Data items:
╭──
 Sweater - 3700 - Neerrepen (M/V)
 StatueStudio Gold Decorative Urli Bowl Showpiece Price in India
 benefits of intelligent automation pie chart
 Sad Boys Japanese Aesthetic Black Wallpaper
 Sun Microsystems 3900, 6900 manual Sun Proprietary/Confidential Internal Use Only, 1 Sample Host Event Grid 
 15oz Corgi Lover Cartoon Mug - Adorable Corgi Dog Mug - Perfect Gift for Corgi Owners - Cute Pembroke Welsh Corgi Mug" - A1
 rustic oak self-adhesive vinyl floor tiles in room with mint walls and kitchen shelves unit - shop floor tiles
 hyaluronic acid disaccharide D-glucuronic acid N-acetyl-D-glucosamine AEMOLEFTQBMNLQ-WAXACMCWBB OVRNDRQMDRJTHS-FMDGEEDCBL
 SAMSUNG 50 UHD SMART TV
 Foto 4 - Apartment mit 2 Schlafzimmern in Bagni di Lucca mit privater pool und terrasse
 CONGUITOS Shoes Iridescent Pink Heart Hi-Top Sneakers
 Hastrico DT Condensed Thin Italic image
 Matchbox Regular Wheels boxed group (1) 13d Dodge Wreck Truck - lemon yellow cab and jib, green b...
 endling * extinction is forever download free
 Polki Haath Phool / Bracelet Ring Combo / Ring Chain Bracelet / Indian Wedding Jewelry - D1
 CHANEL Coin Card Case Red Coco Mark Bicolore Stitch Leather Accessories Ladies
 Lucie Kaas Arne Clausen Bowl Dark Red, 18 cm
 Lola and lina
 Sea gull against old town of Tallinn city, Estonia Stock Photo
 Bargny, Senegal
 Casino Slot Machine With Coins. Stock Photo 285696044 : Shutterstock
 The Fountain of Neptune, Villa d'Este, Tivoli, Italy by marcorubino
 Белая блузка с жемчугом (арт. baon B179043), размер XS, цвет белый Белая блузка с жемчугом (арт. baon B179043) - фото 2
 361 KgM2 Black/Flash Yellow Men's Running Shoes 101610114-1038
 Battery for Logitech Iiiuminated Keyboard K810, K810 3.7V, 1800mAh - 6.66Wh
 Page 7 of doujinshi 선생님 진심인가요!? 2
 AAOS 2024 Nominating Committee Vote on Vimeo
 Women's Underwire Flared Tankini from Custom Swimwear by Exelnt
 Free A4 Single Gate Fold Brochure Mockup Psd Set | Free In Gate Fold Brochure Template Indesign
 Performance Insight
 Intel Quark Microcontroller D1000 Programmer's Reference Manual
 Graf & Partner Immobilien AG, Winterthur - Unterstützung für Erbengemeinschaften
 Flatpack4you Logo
╰──
What is required:
In the records above, find every line with the word "Photo" and copy it.

Your response:
 Sea gull against old town of Tallinn city, Estonia Stock Photo
 Casino Slot Machine With Coins. Stock Photo 285696044 : Shutterstock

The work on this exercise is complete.